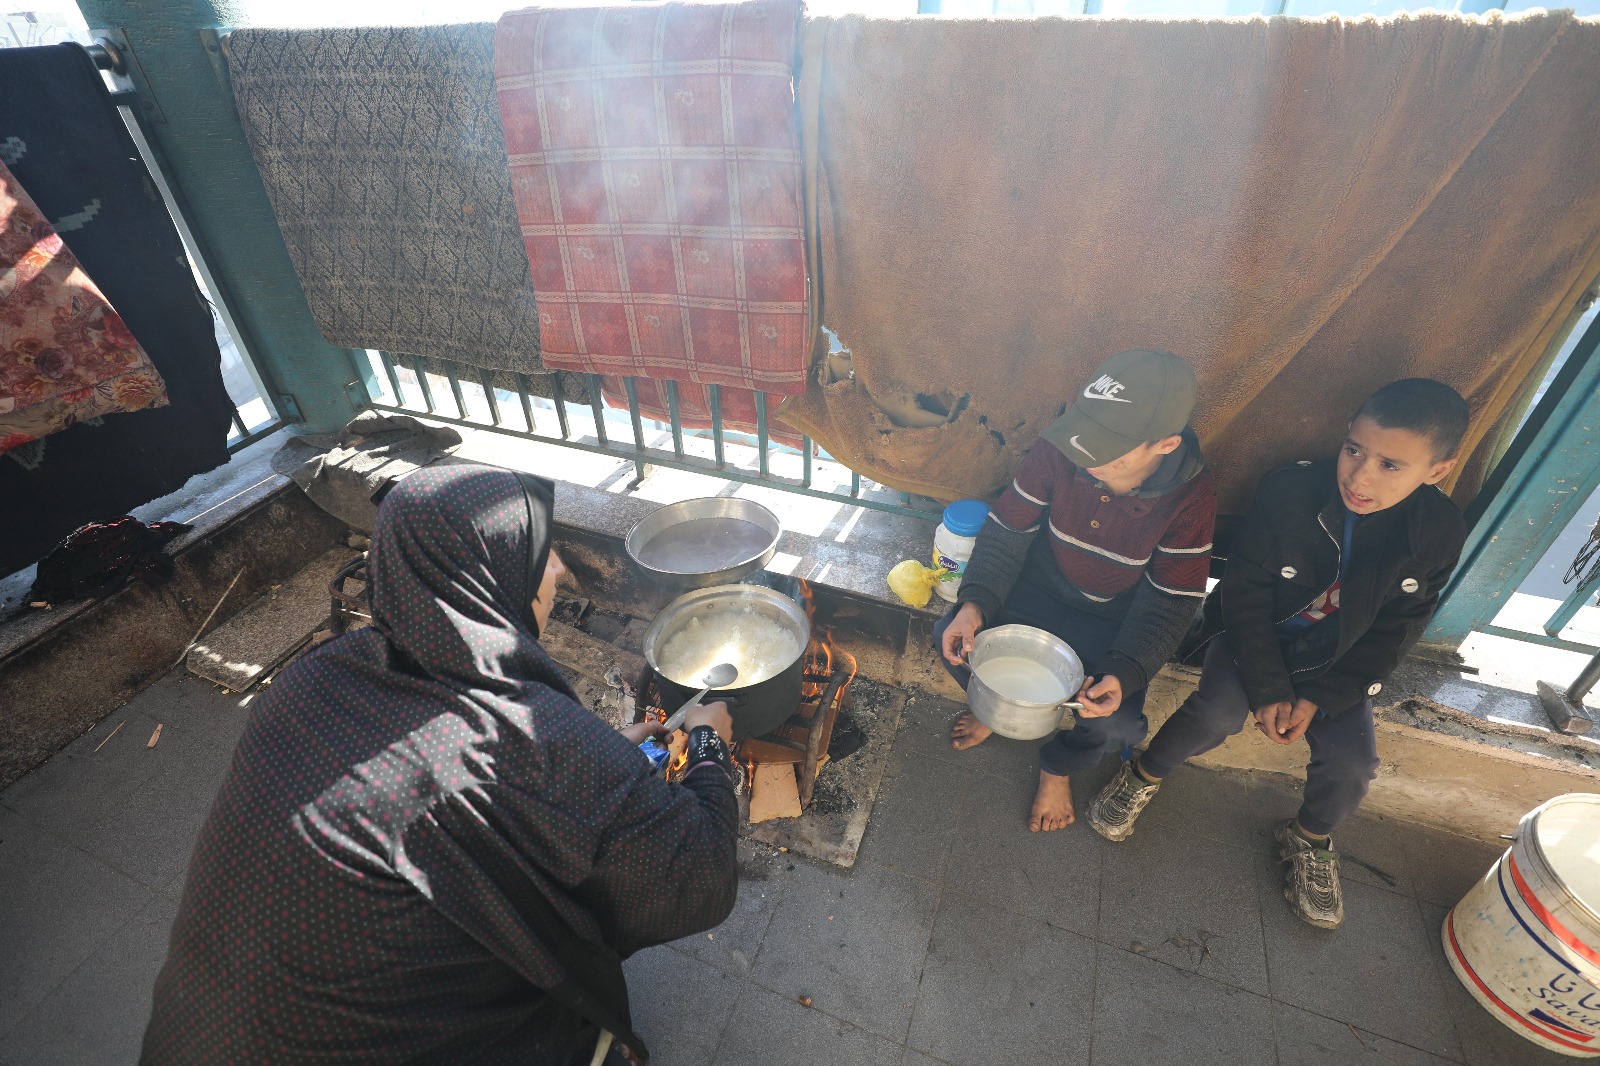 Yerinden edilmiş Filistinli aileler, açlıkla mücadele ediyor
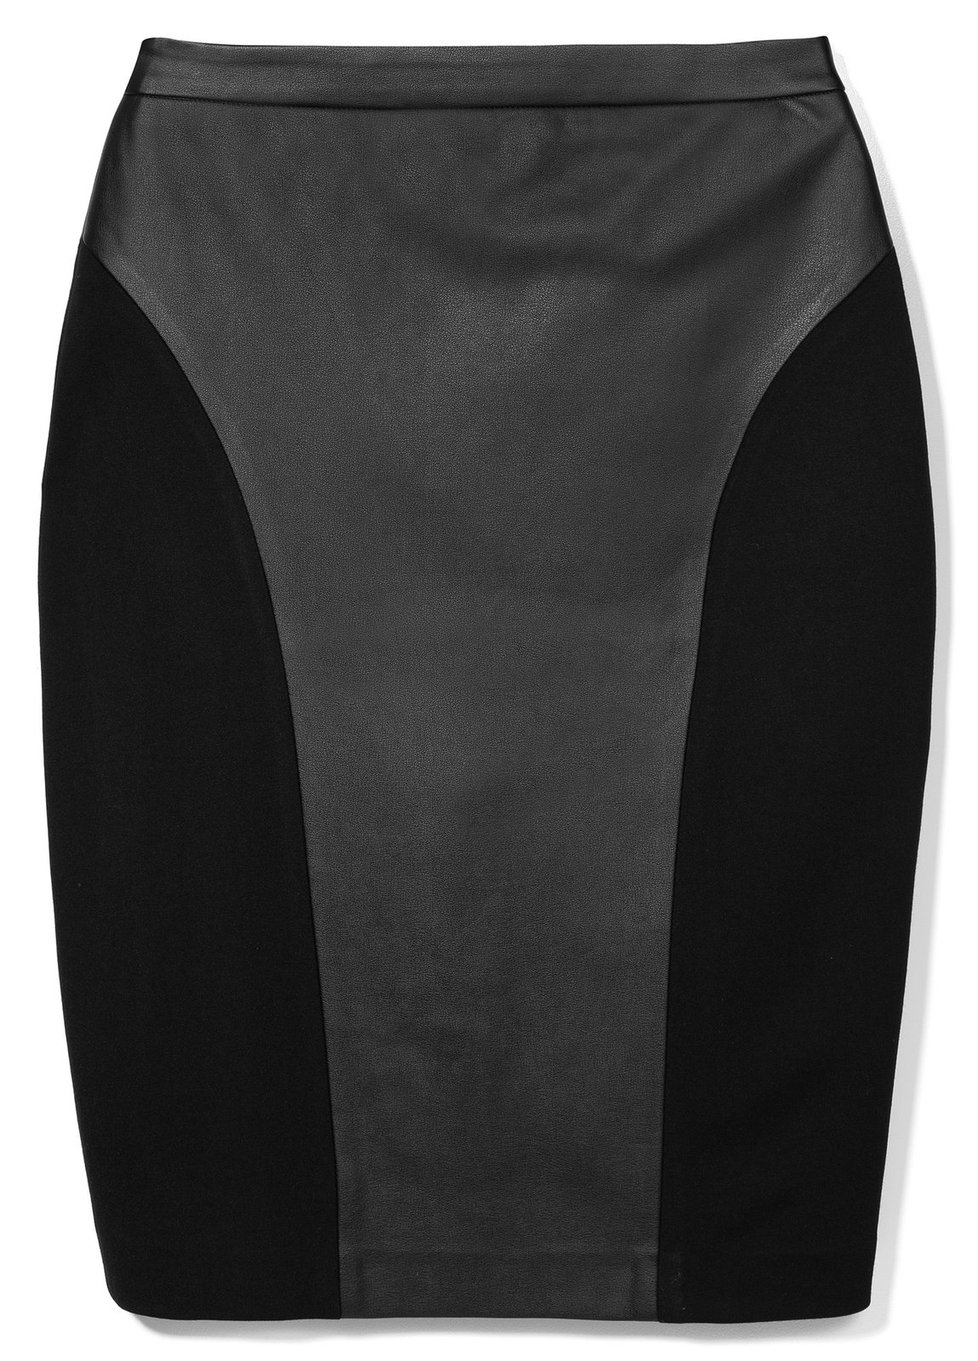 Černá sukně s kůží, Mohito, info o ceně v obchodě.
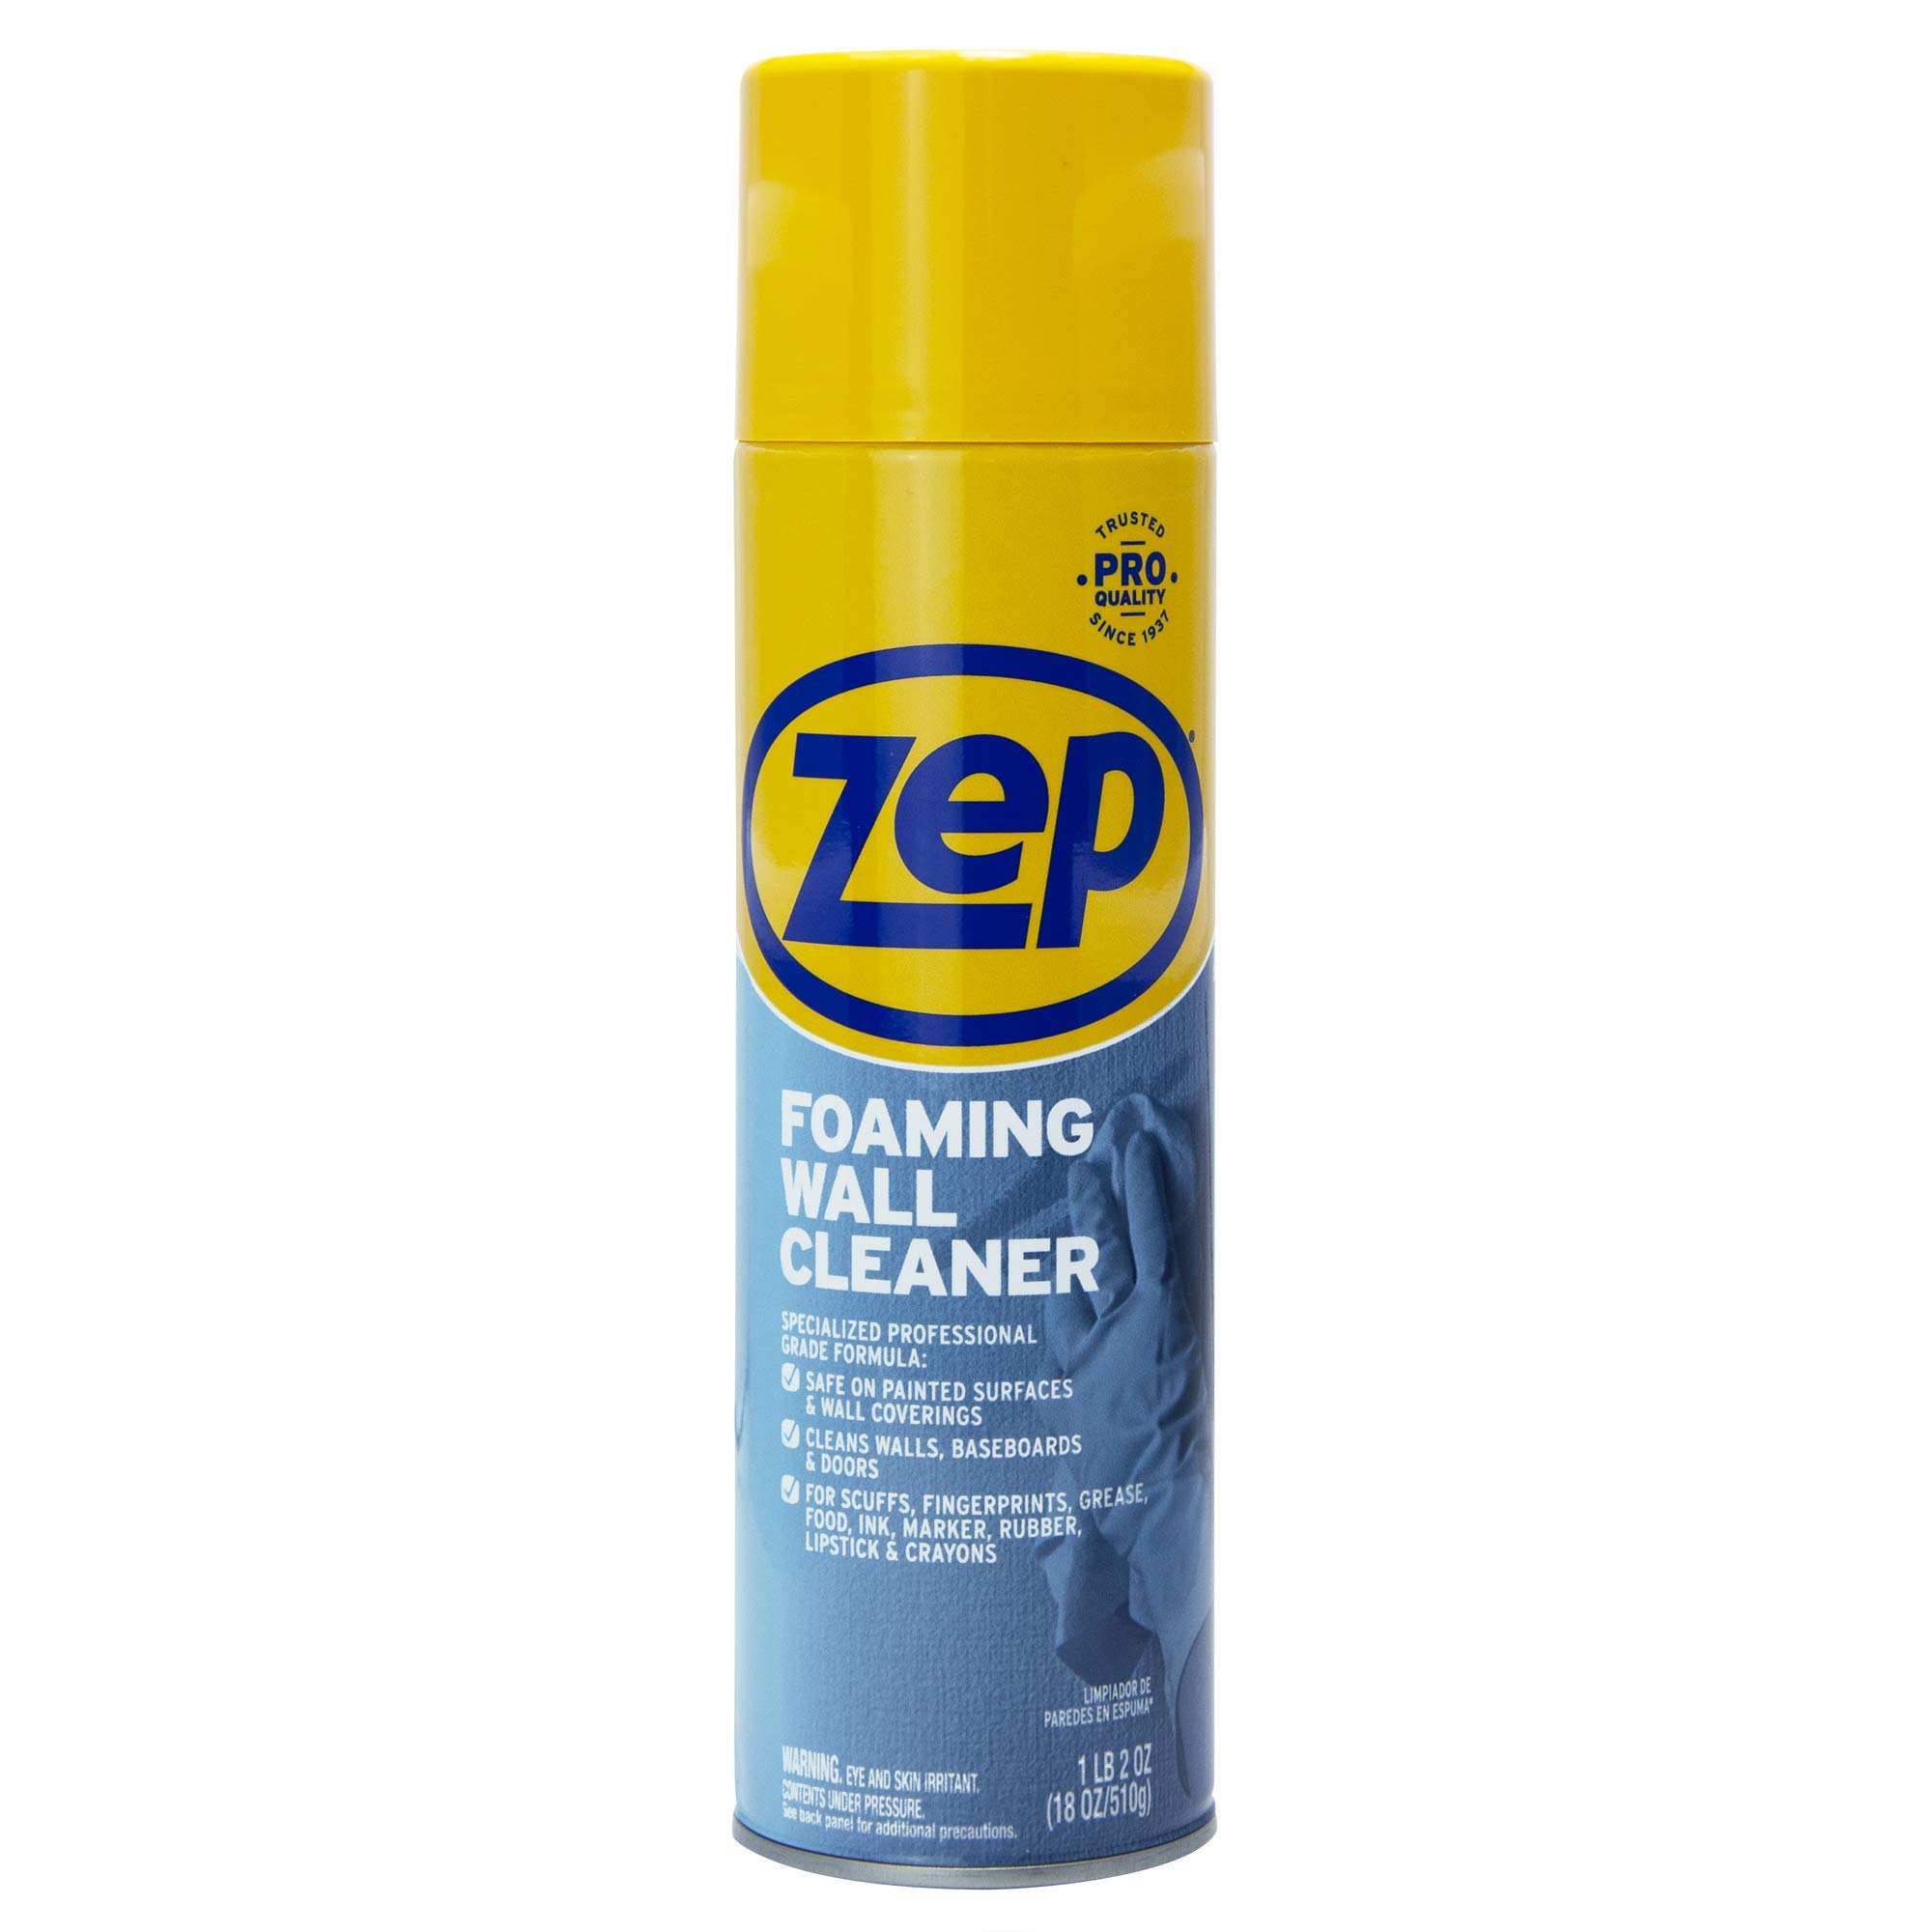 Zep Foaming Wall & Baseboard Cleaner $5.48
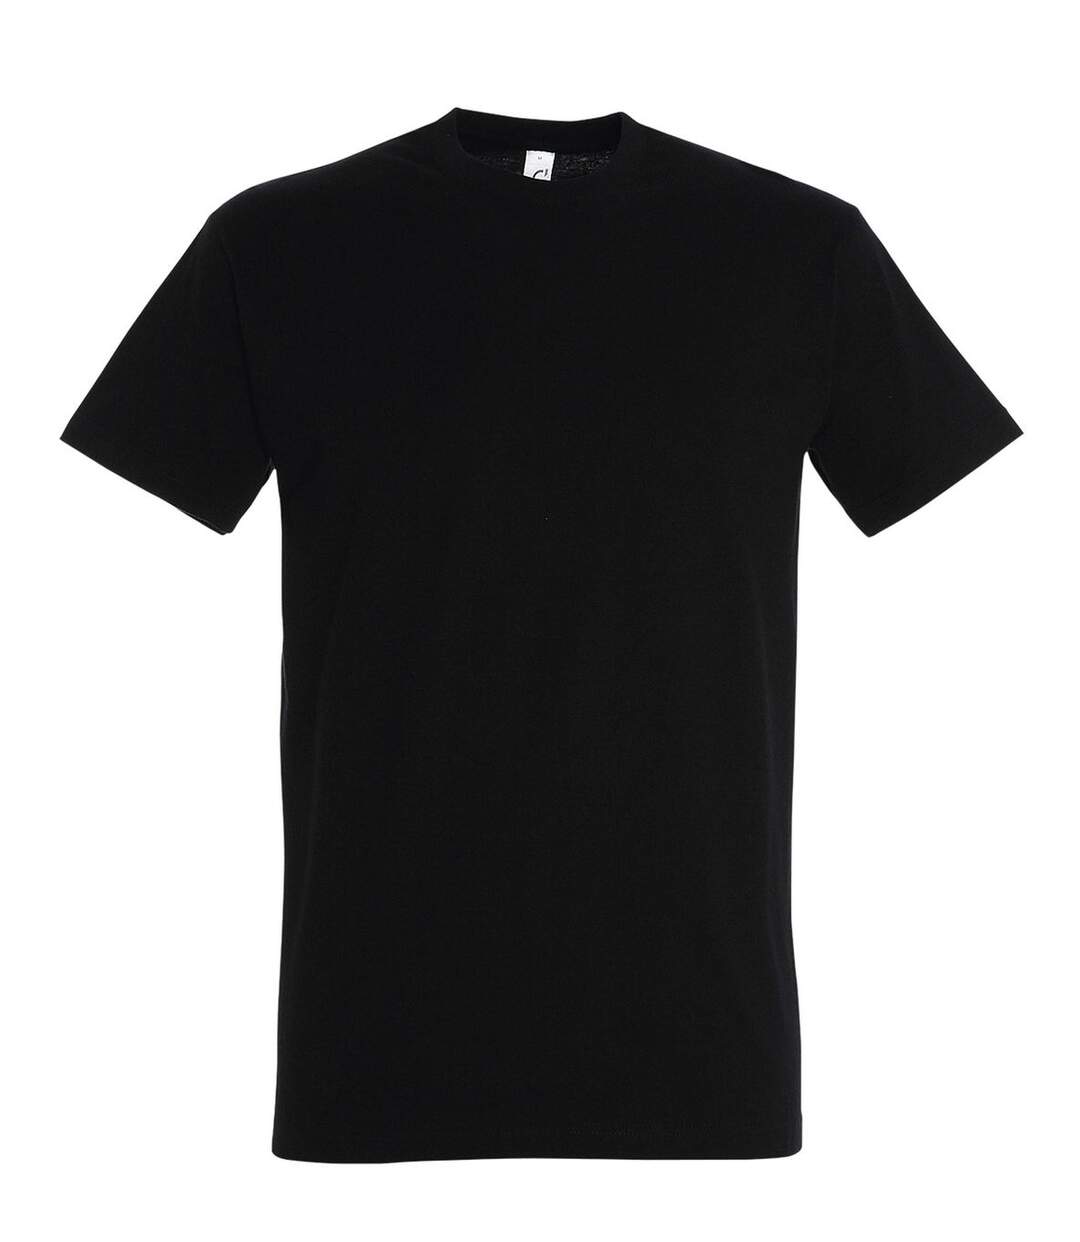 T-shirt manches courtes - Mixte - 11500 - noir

**Exercise details**
Your answer must be an exact copy of the lines from the line with "Černá sukně s" to the final line of the data, both ends included, and no pictures.

**Answer area**
 Černá sukně s kůží, Mohito, info o ceně v obchodě.
 Zep Foaming Wall & Baseboard Cleaner $5.48
 T-shirt manches courtes - Mixte - 11500 - noir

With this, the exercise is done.